> [Exercise prompt]: Each line of the listing must be transcribed exactly, except for the images, which should be excluded.

> [Information shown]:
┄┄┄┄┄┄

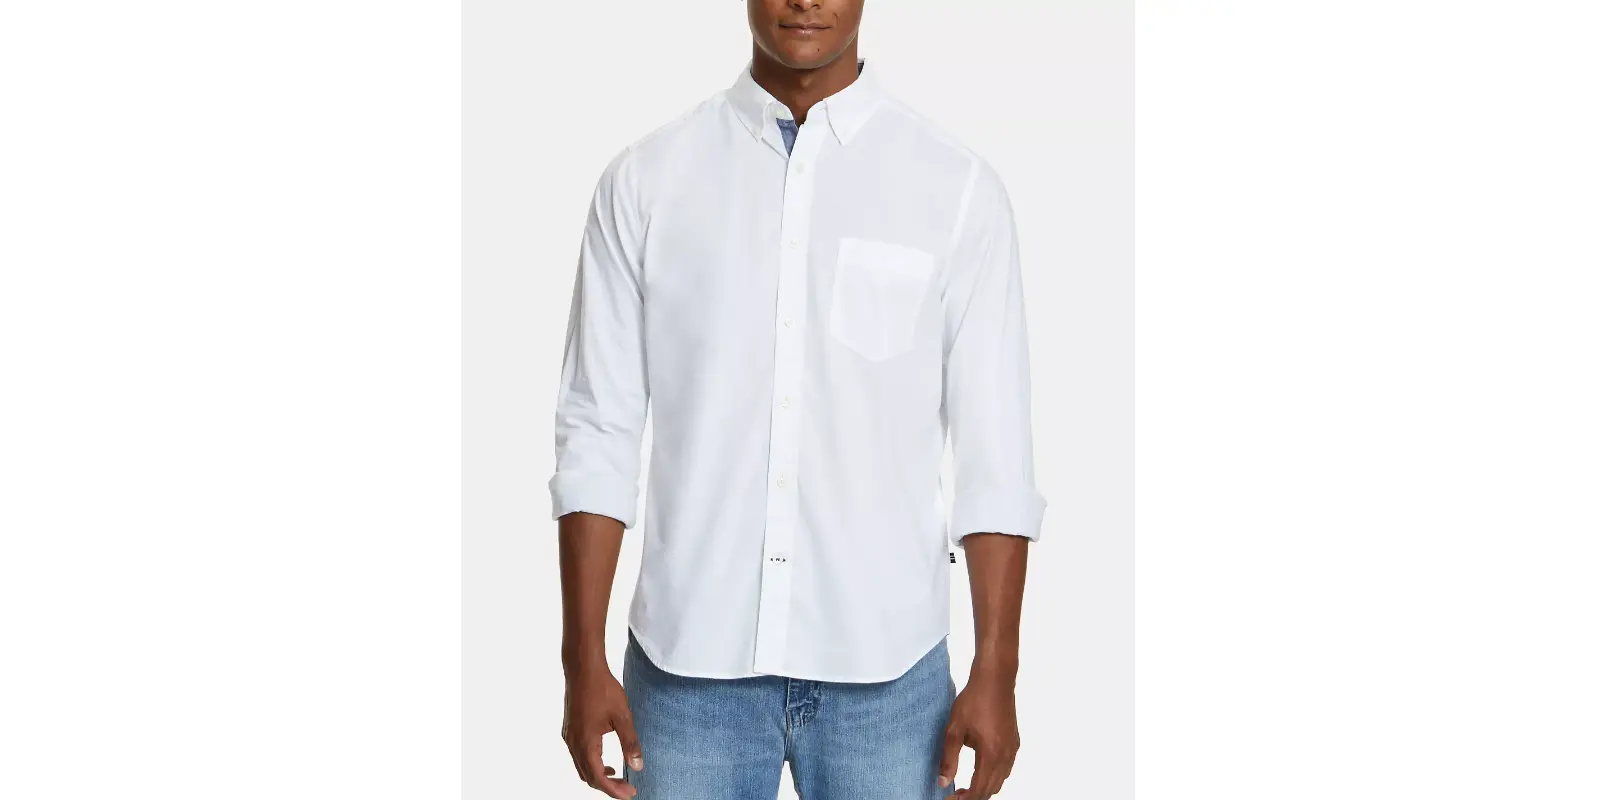 Macy - Nautica Men’s Classic-Fit Stretch Solid Oxford Button-Down Shirt
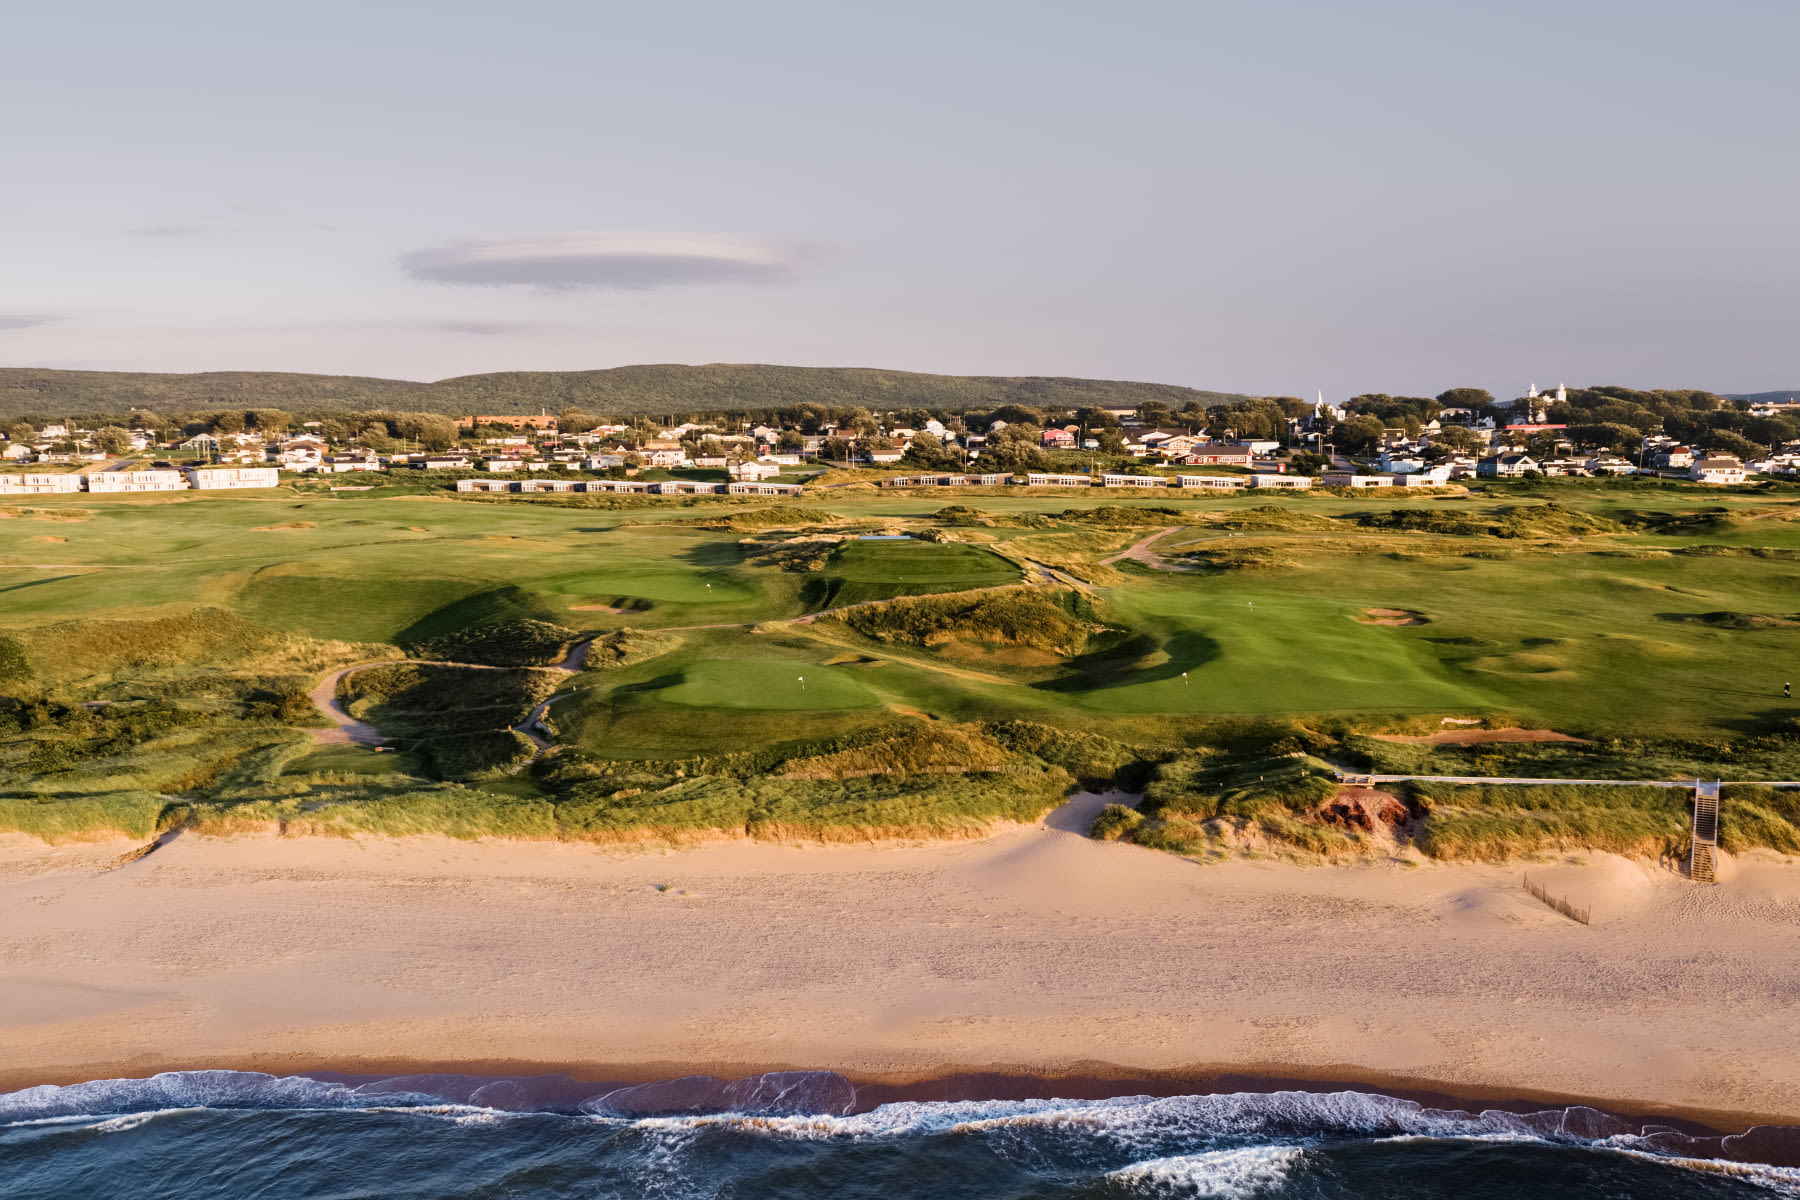 After Wolf Creek, Blackhawk and Sagebrush, Whitman's attention turned to Cabot Links.
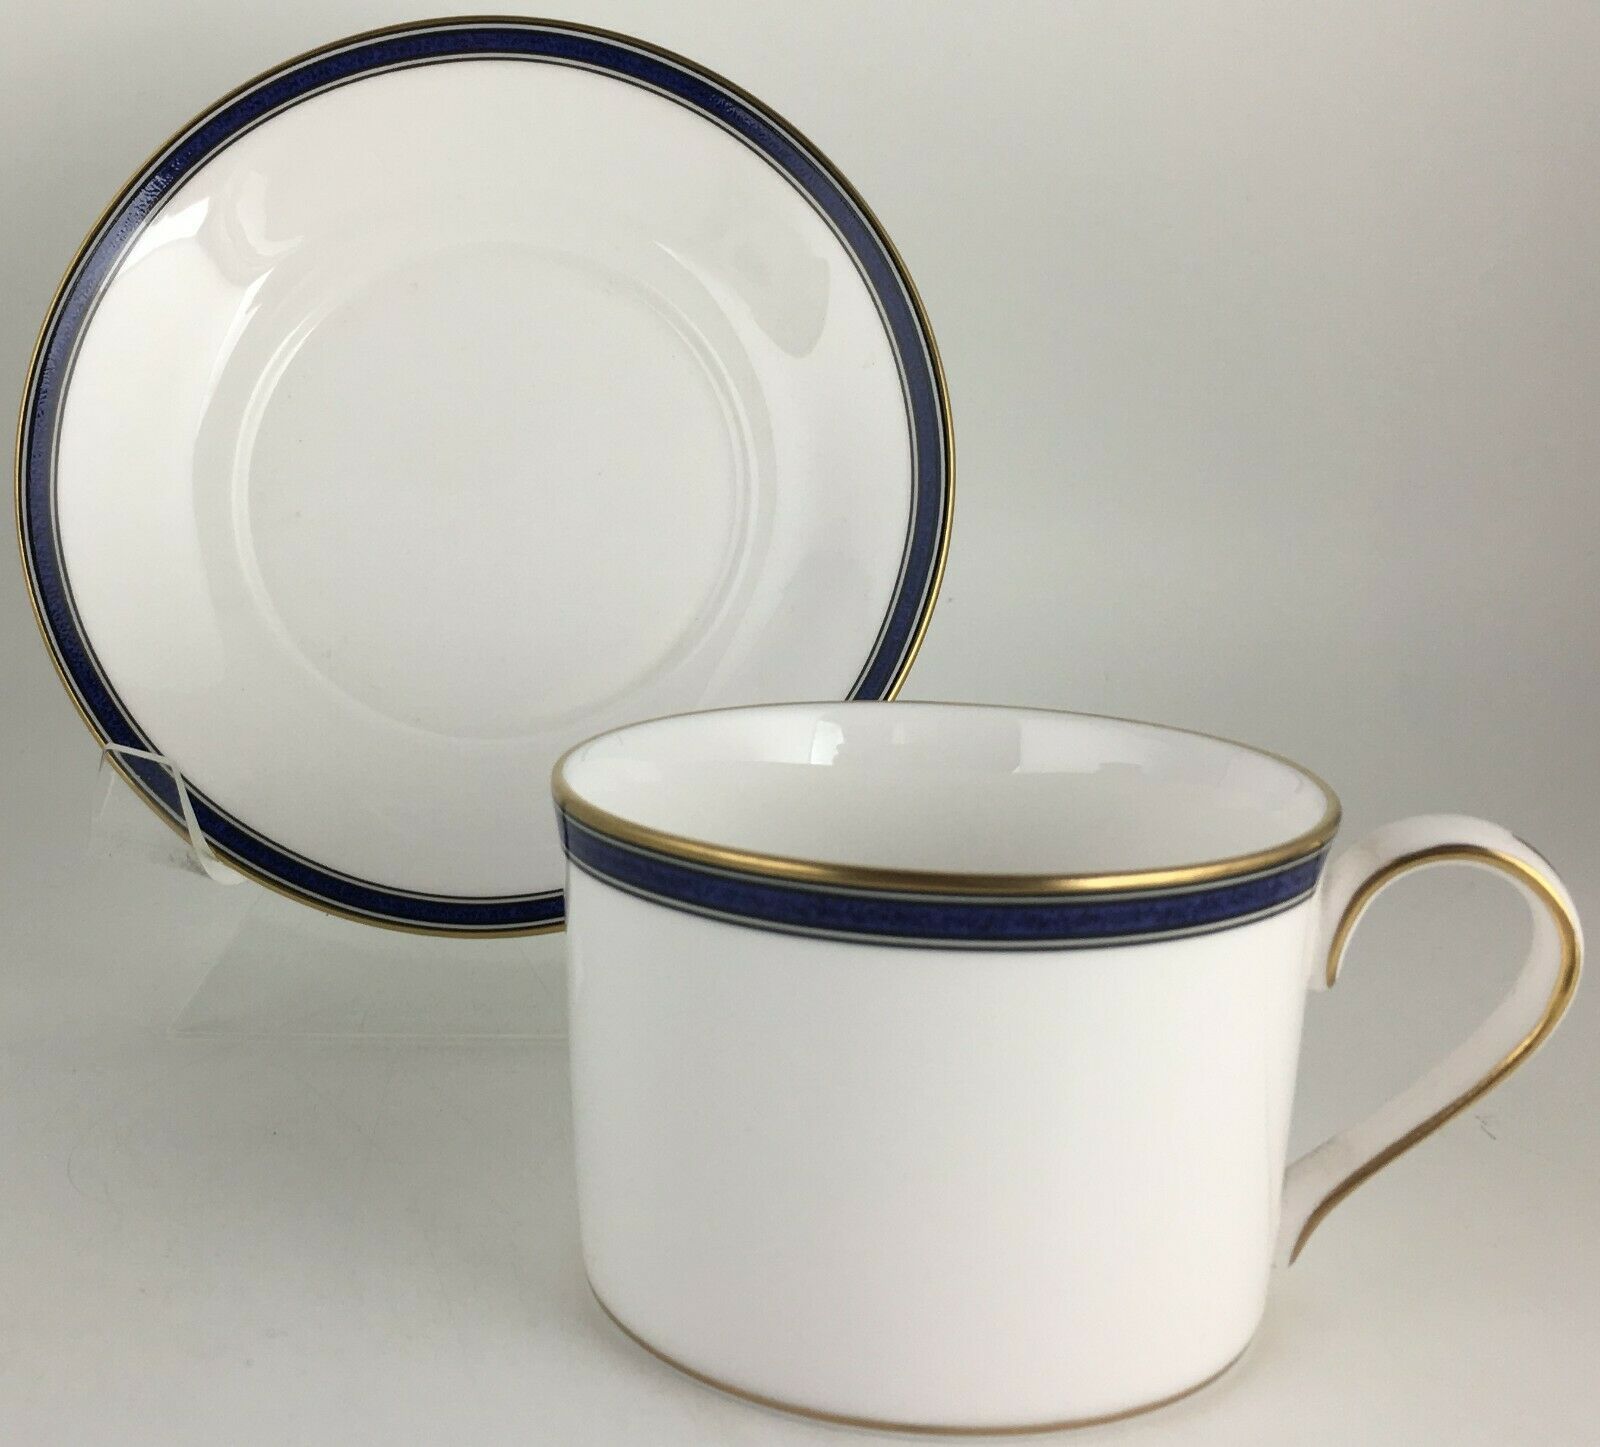 Primary image for Spode Lausanne Y8579-S Cup & Saucer

┄┄┄┄┄┄

> [Written reply]:
 Macy - Nautica Men’s Classic-Fit Stretch Solid Oxford Button-Down Shirt
 After Wolf Creek, Blackhawk and Sagebrush, Whitman's attention turned to Cabot Links.
 Primary image for Spode Lausanne Y8579-S Cup & Saucer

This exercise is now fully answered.